Yoshua Bengio is Full Professor in the computer science and operations research department at U. Montreal, scientific director and founder of Mila and of IVADO, Turing Award 2018 recipient, Canada Research Chair in Statistical Learning Algorithms, as well as a Canada AI CIFAR Chair. He pioneered deep learning and has been getting the most citations per day in 2018 among all computer scientists, worldwide. He is an officer of the Order of Canada, member of the Royal Society of Canada, was awarded the Killam Prize, the Marie-Victorin Prize and the Radio-Canada Scientist of the year in 2017, and he is a member of the NeurIPS advisory board and co-founder of the ICLR conference, as well as program director of the CIFAR program on Learning in Machines and Brains. His goal is to contribute to uncover the principles giving rise to intelligence through learning, as well as favour the development of AI for the benefit of all.

Bernhard Schölkopf (MPI for Intelligent Systems, Tübingen)
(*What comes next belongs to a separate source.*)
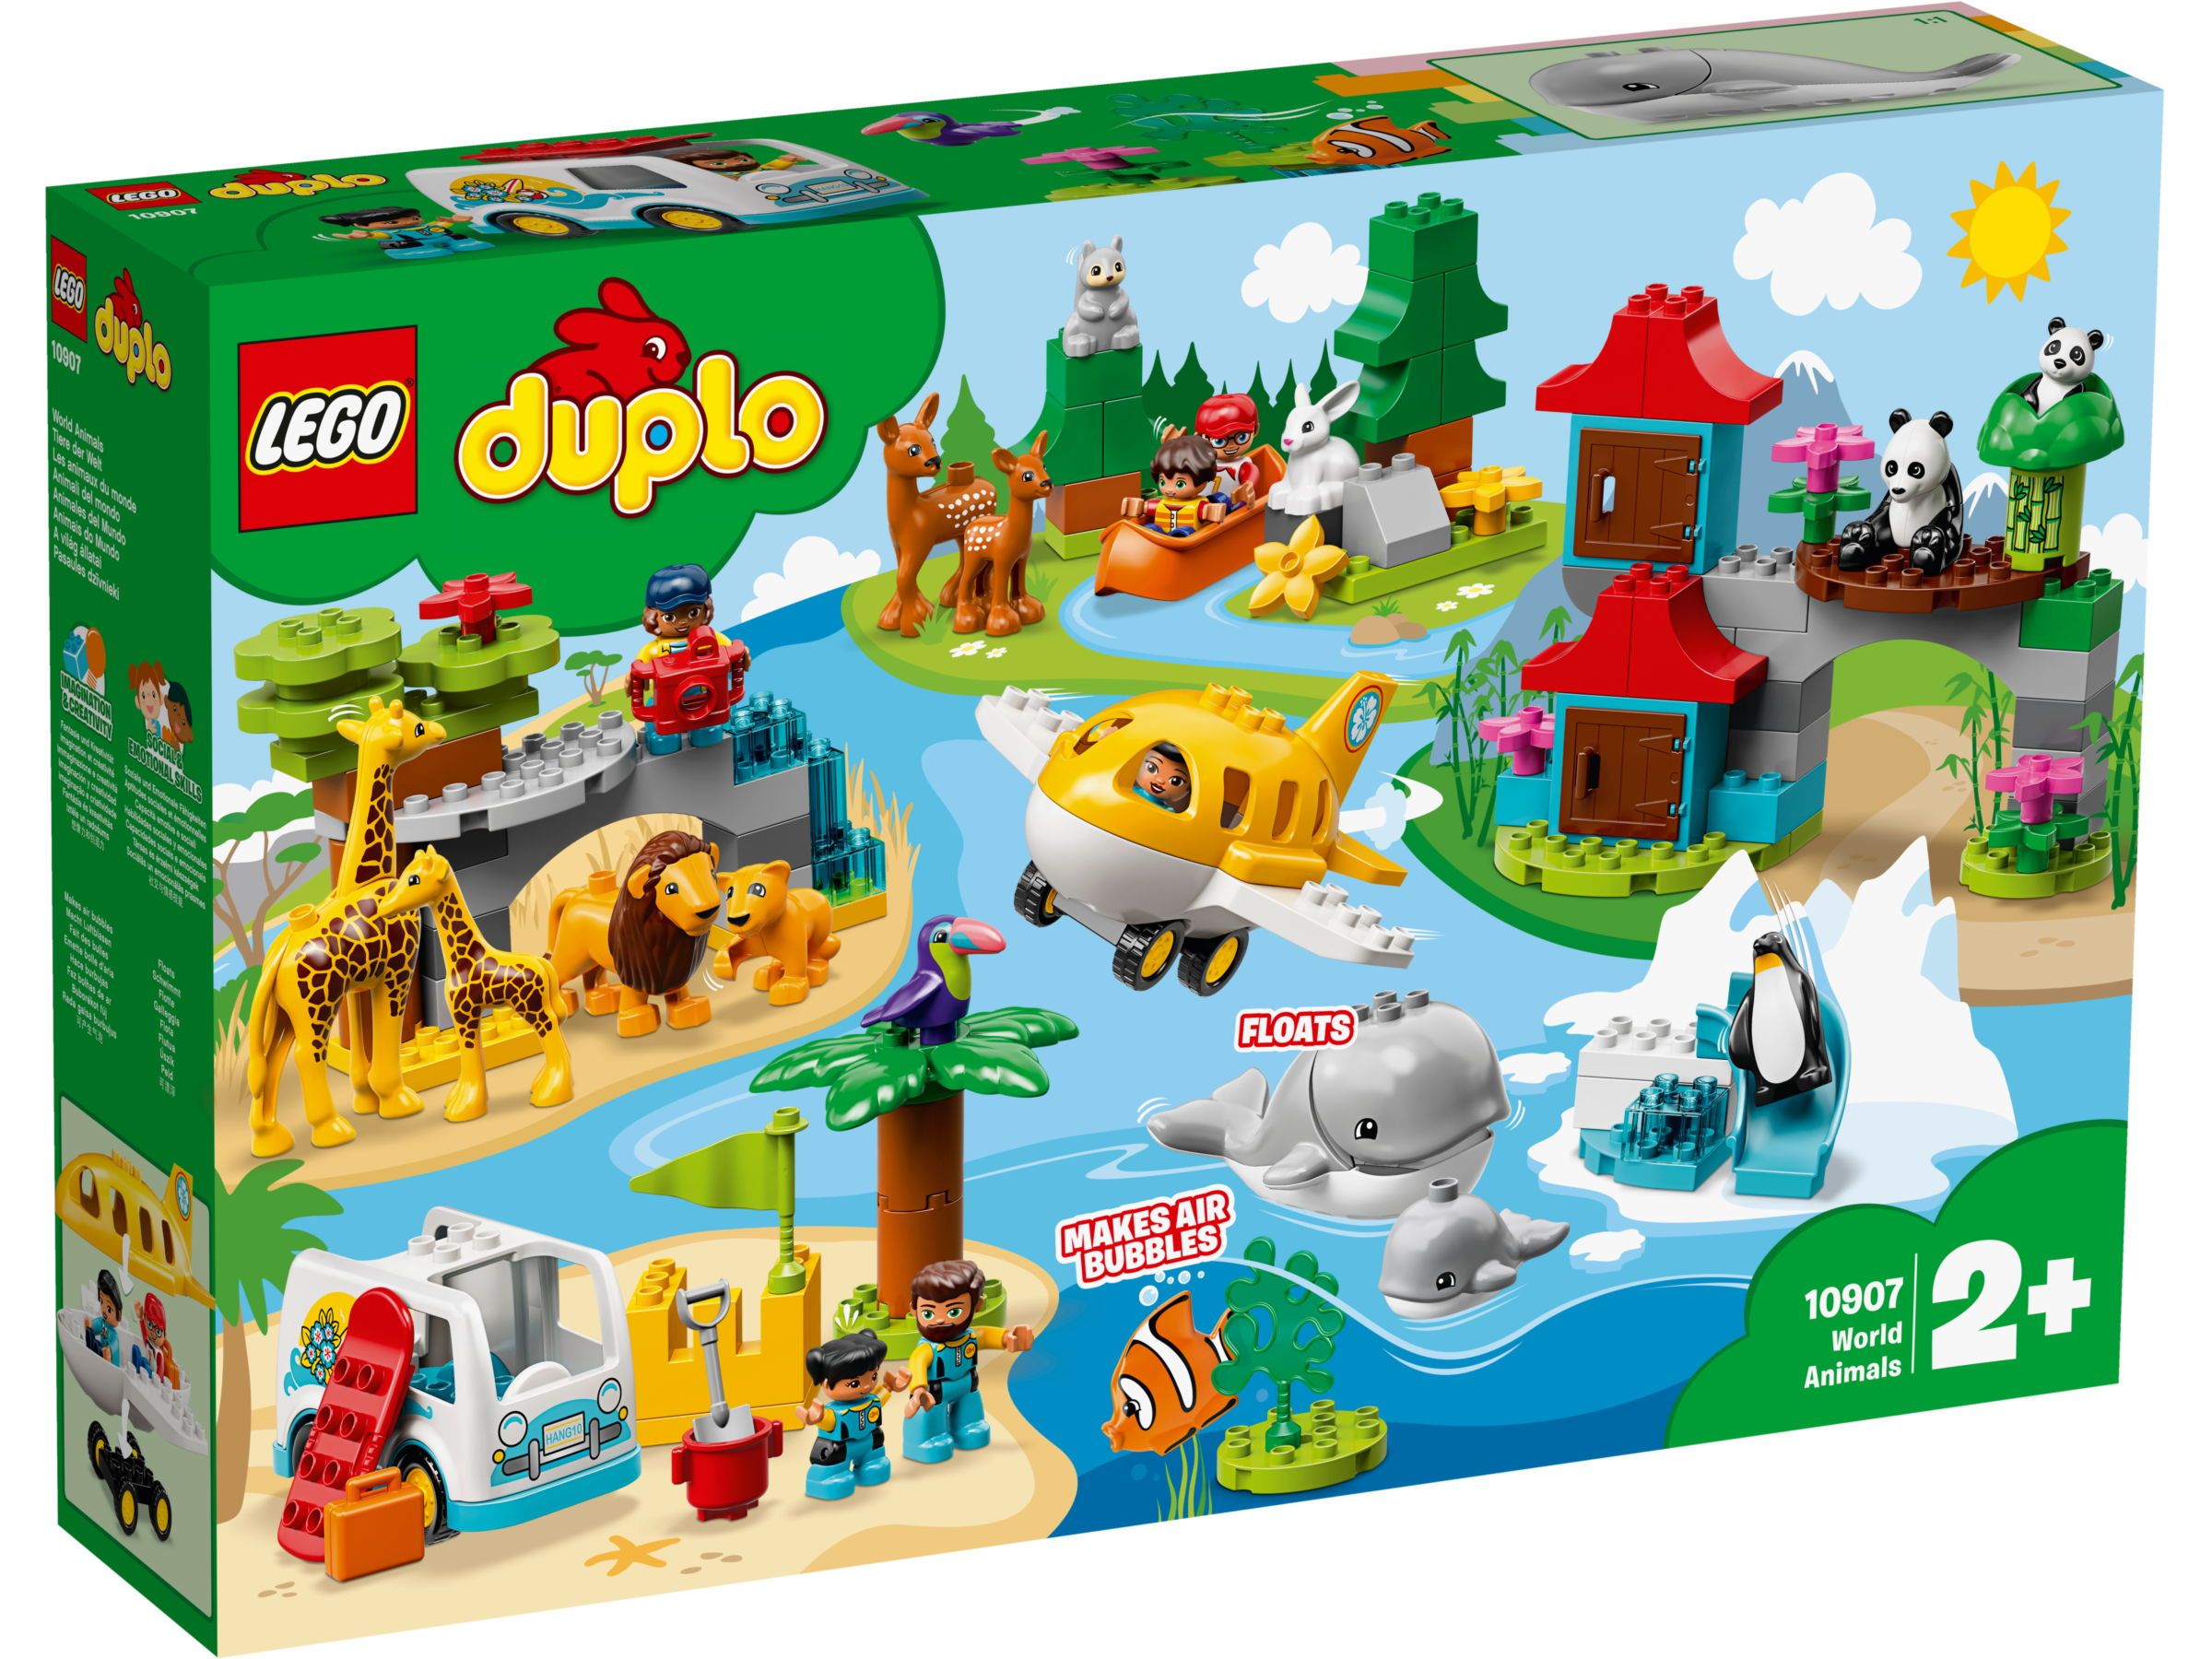 LEGO DUPLO Summer 2019 Official Set 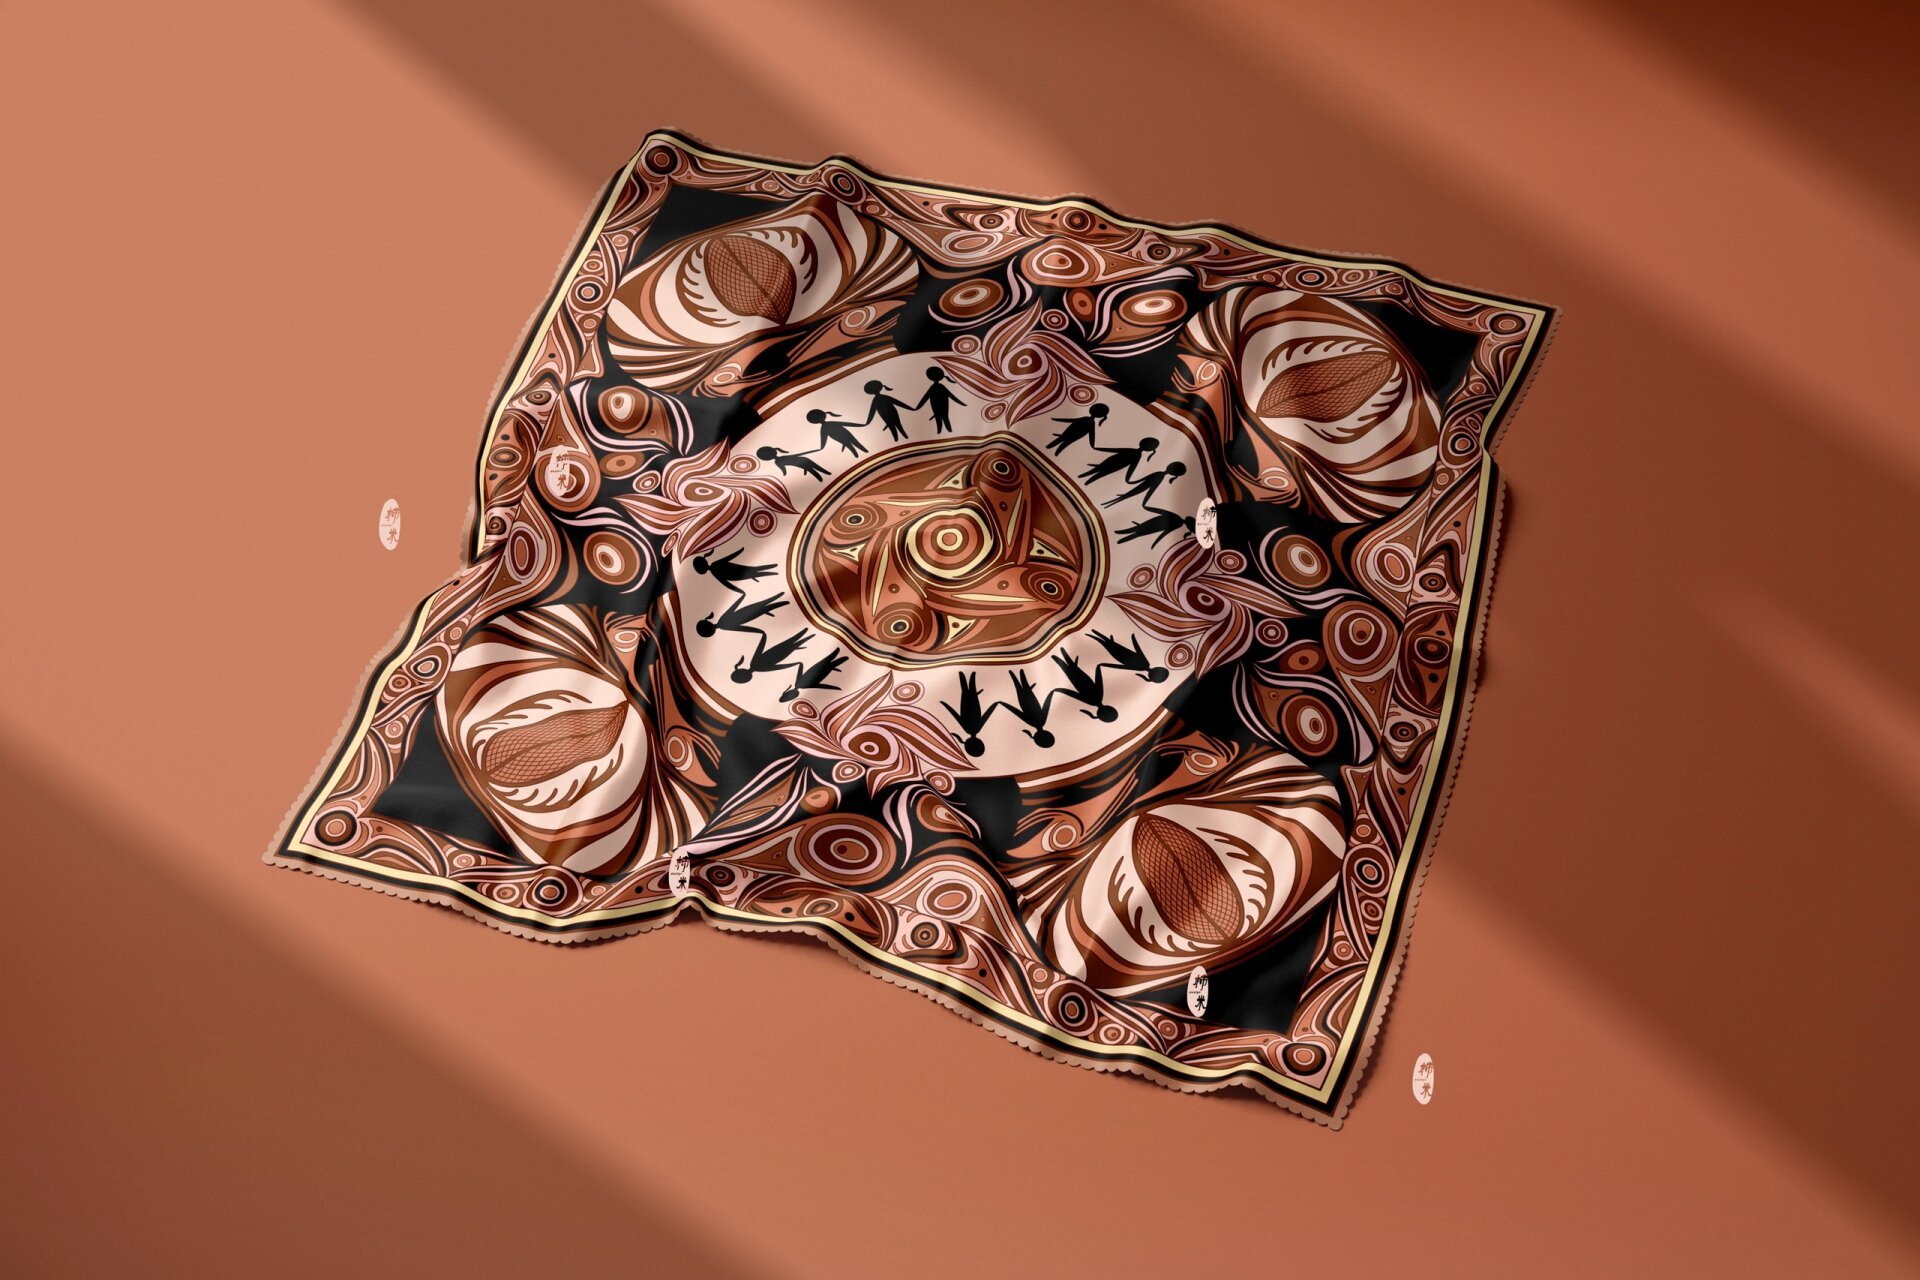 马家窑彩陶纹样丝巾设计 马家窑文化文创类设计主要提取马家窑陶器的

Bernhard Scholkopf received degrees in mathematics (London) and physics (Tubingen), and a doctorate in computer science from the Technical University Berlin. He has researched at AT&T Bell Labs, at GMD FIRST, Berlin, at the Australian National University, Canberra, and at Microsoft Research Cambridge (UK). In 2001, he was appointed scientific member of the Max Planck Society and director at the MPI for Biological Cybernetics; in 2010 he founded the Max Planck Institute for Intelligent Systems. For further information, see www.kyb.tuebingen.mpg.de/~bs.

Li Erran Li (AWS AI, Amazon)

Li Erran Li is the head of machine learning at Scale and an adjunct professor at Columbia University. Previously, he was chief scientist at Pony.ai. Before that, he was with the perception team at Uber ATG and machine learning platform team at Uber where he worked on deep learning for autonomous driving, led the machine learning platform team technically, and drove strategy for company-wide artificial intelligence initiatives. He started his career at Bell Labs. Li’s current research interests are machine learning, computer vision, learning-based robotics, and their application to autonomous driving. He has a PhD from the computer science department at Cornell University. He’s an ACM Fellow and IEEE Fellow.